В комнате Гордей наклонился над рысью, осматривая по-новому, замечая каждое пятнышко, каждую полоску.

- Всеволод, воды горячей, чистое бельё.

- Понял.

Тот тут же исчез.

- Жгучка. – Большие пальцы прошлись по чёрным полоскам шерсти на мордочке. – Прости меня за то, что я сейчас сделаю. Но иначе никак.

Он задержал дыхание и крепко схватил морду так, чтобы рысь не смогла вывернуться или укусить. А та попыталась – так и сверкала глазами, так и скалила клыки, рыча и обвиняя в предательстве.

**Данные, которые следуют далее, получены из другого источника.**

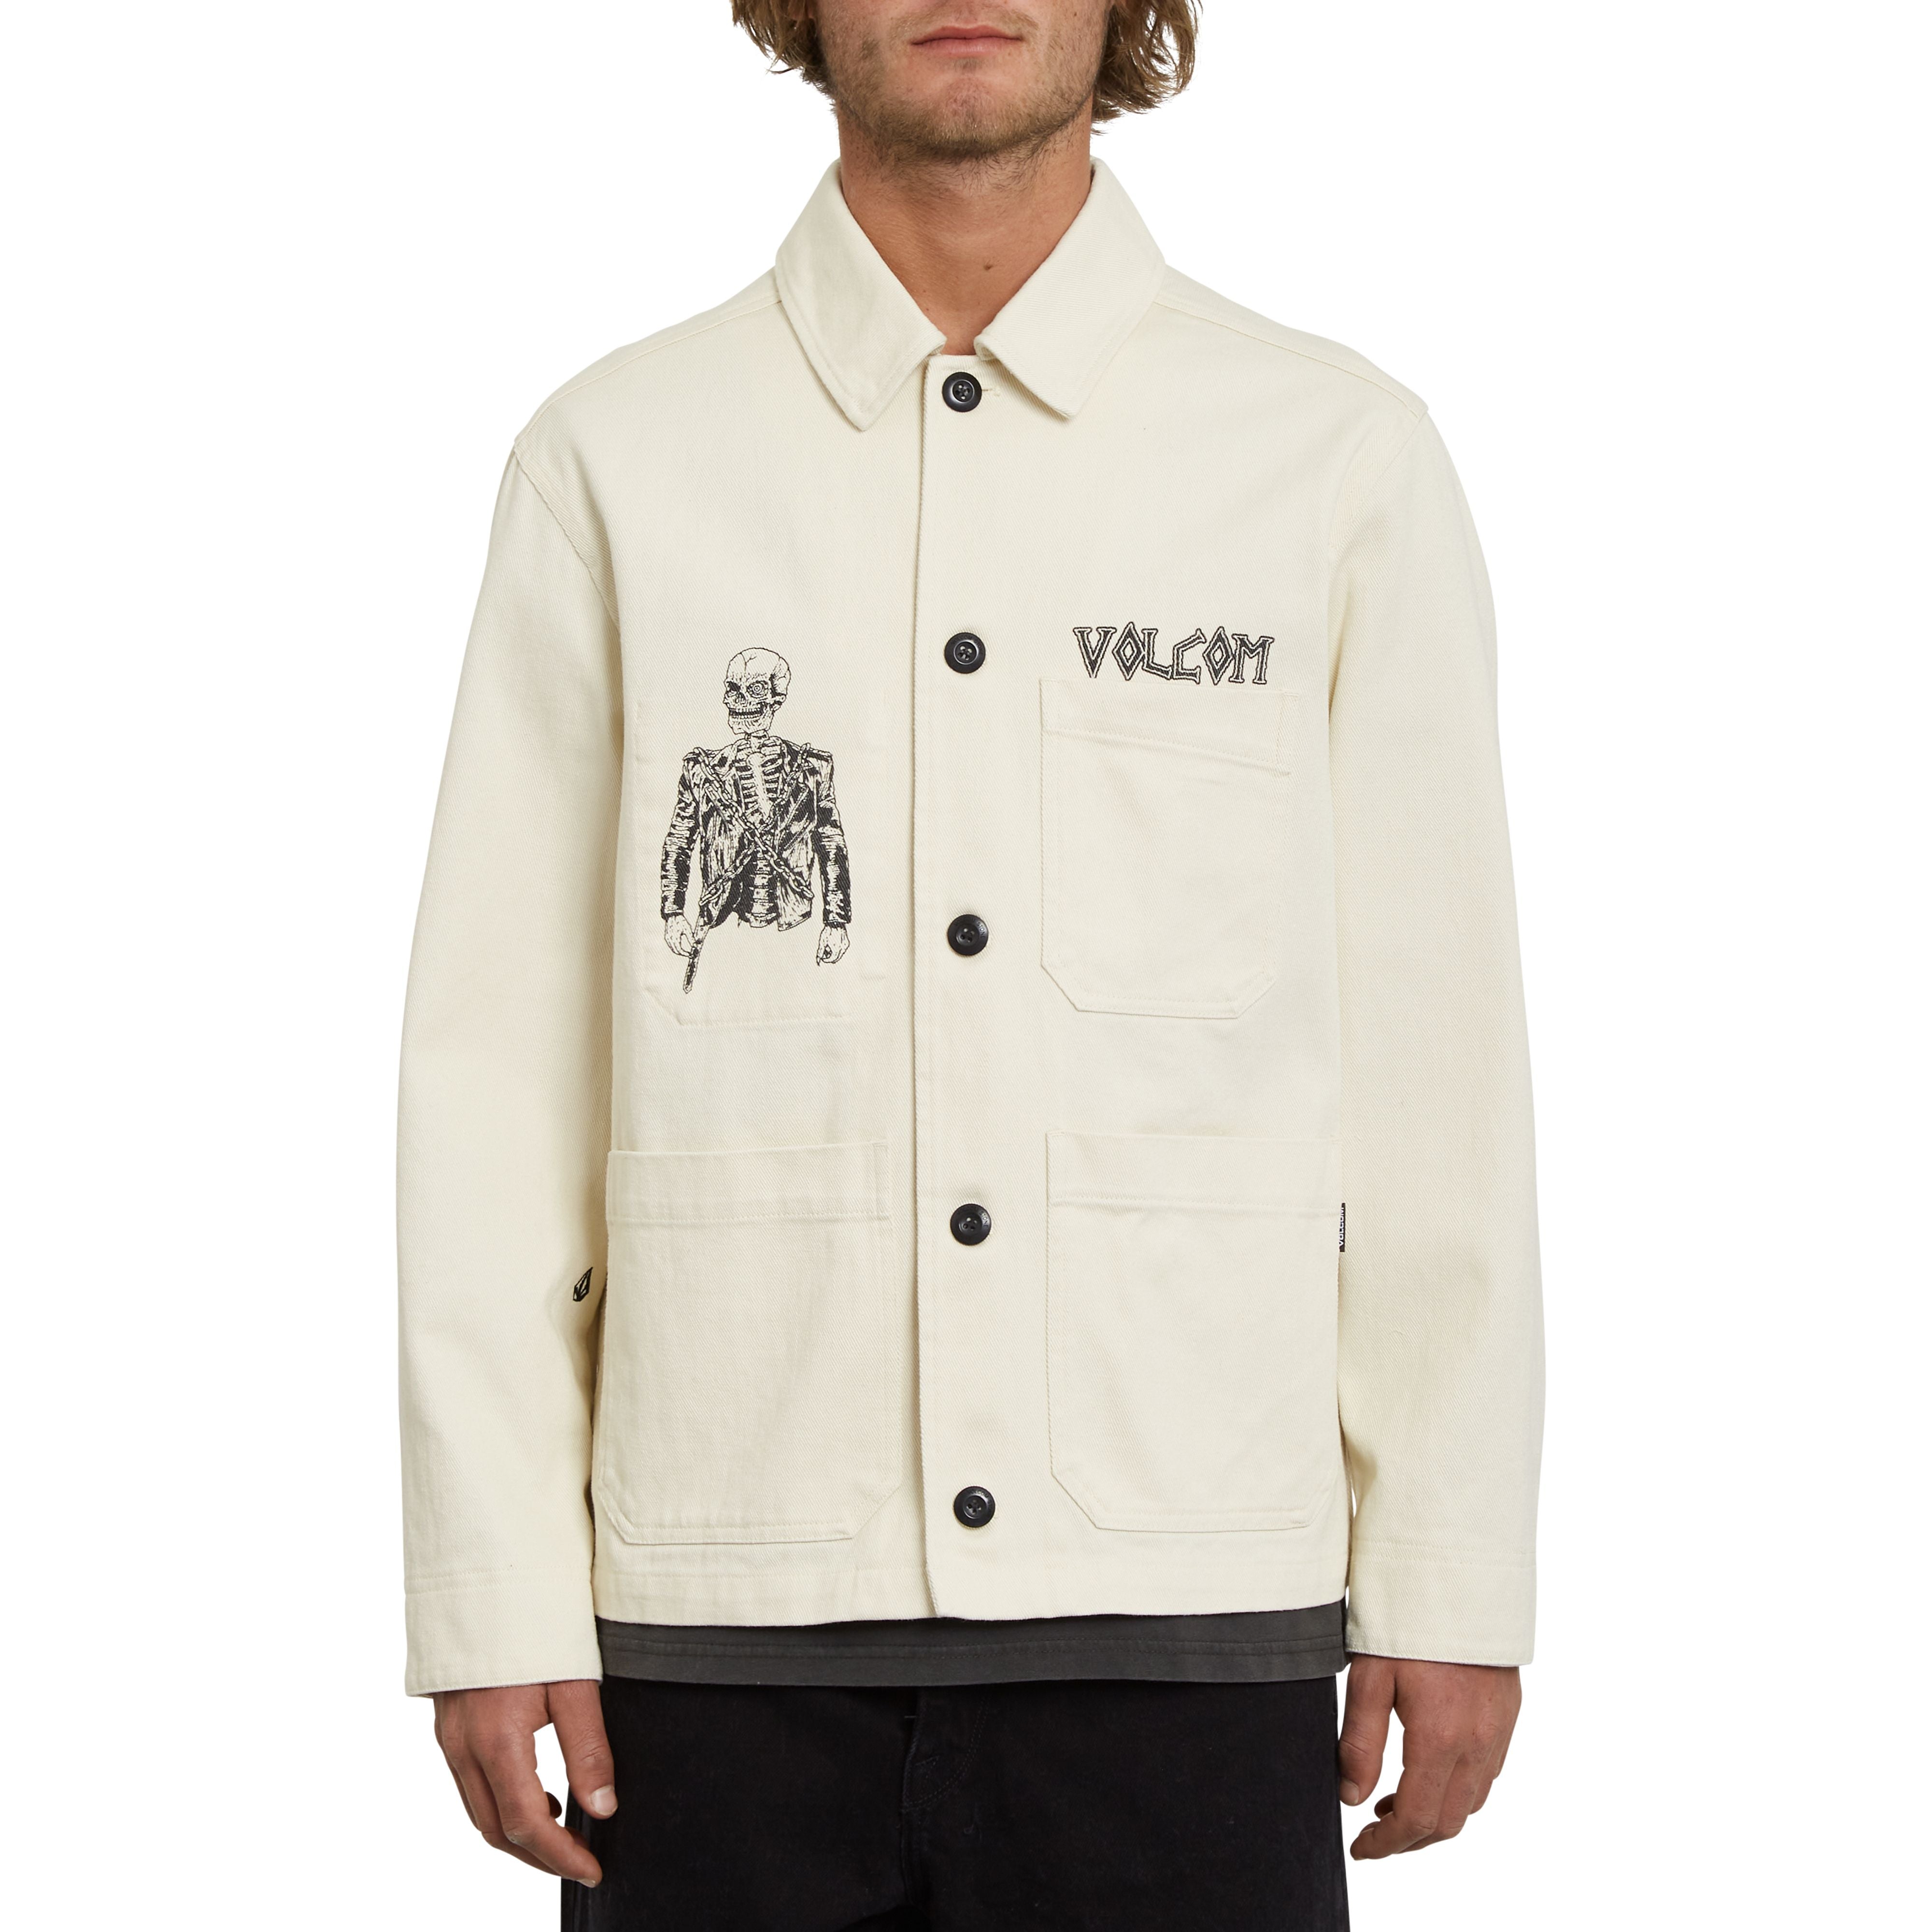 Volcom ungefilterte Jacke in Creme Weißt mit Großer Siebdruck art auf Brust und Rücken. Brust, Vorher und Innentasche vorhanden.

Будет обижаться, должно быть.

Гордей наклонился и голосом вожака приказал:

- Перекидывайся!

***

Как горишь в огне, я узнала. Не в том ласковом, когда баня растоплена жарко, до слёз, и не в том телесном, когда смотришь на него и не знаешь, чего именно хочешь… а в самом настоящем пламени, сжигающим твою плоть до углей.

Я не хотела меняться, меня всё устраивало. А мой зверь, ради которого я жизнь бы отдала, меня предал. Он заставлял меня вывернуться наизнанку, отдать ему больше, чем у меня было. Отдать не себя, а кого-то другого.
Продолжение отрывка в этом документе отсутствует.